Dr Okoth teaches at KCA University and her students were part of the audience. I could not see their faces but imagined that they, too, must have been shocked.
Even as a feminist and liberal thinker, sex is still a taboo topic for me. And I cringed at some of Dr Okoth’s words about orgasms, sex toys and other X-rated sexual escapades.
My fear of talking about sex stemmed from years of social conditioning that sex was a bad word, only to be talked about within the confines of the marital bedroom. Or to be hidden in euphemisms and clothed in shame.
“You know what? I don’t think men and women talk enough about sex. How can such a natural thing bring forth such absurd reactions?” my friend whispered back, swiftly paving the way for my moment of epiphany.
I realised that we don’t talk about sex often enough. We are not socialised to do it, even if we are products of it.
I almost fainted in shock when my eight-year-old daughter told me a few months back: “I know what happens before the baby gets into the stomach. A boy’s private parts must touch a girl’s private parts.”
I had to have the birds and bees conversation with her very fast.
Women and girls experience sexual violence at a higher rate than men, so it makes perfect sense for them to talk about sex. Some forms of female genital mutilation (FGM) like clitoridectomy, are specifically done to ensure that women don’t enjoy sex.

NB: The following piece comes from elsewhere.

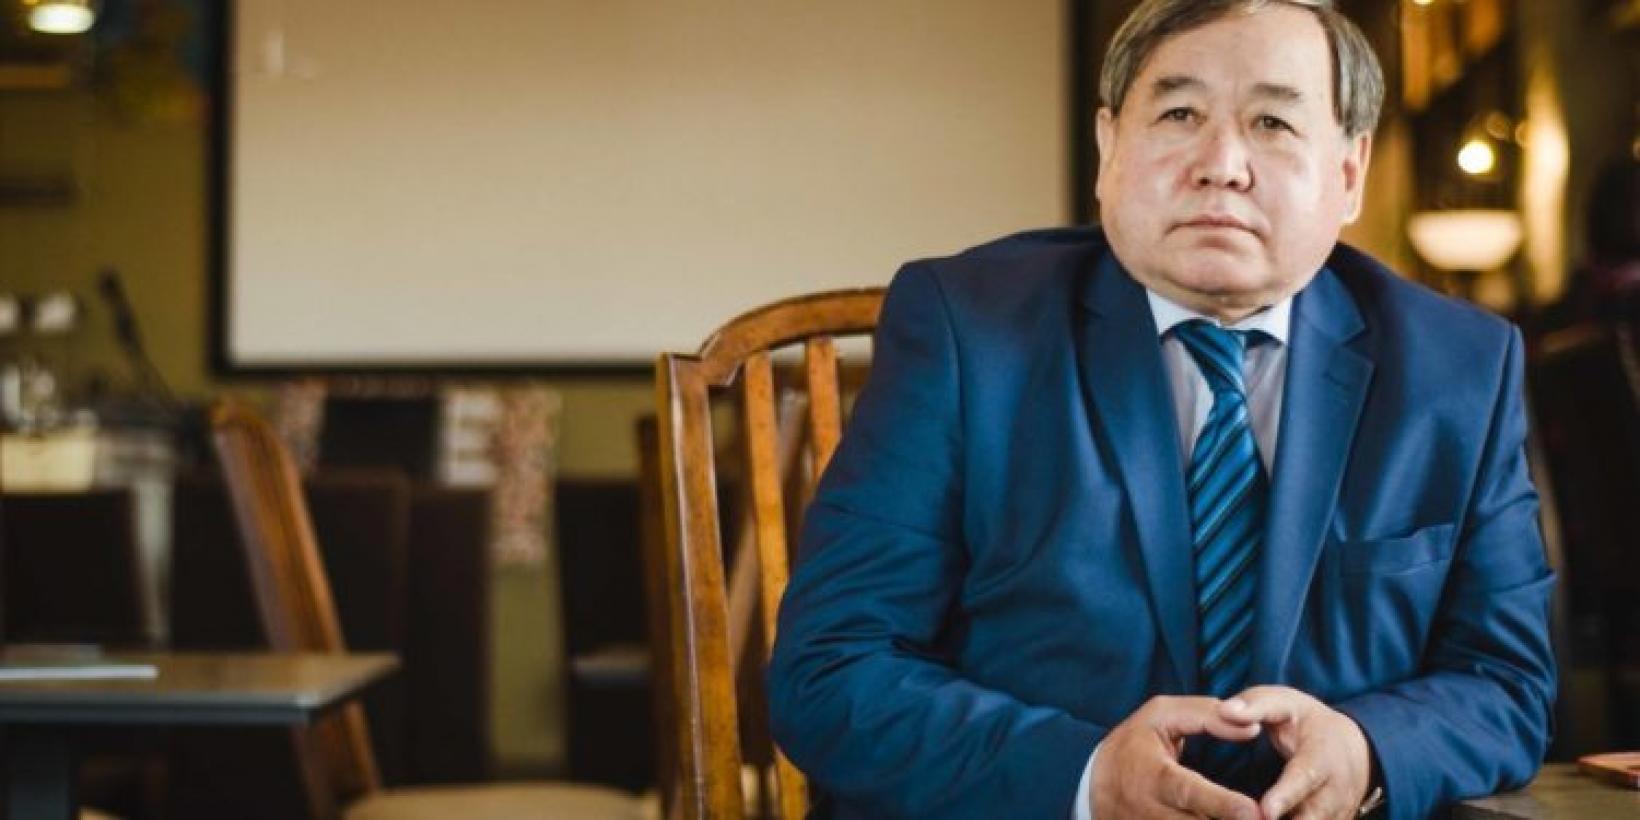 Кандидат в президенты Садыбек Тугел сдал экзамен на знание госязыка - что о нем известно?

Also read: Teach the youth about sex
Sex has also been used to shame women. That’s why some women have perfected the art of lying about the number of sex partners they have had. That’s why virginity is treasured in women but ridiculed in men.
Talking about sex empowers women to take ownership of their sexual experiences and develop healthy expectations. In a patriarchal world where women’s bodies and what they do with them are controlled by men, it’s essential to have women take charge of what happens to their bodies.
I want to believe that by talking about sex openly, Dr Okoth permitted other women to do so as well. By reclaiming their voice, they can reclaim their power.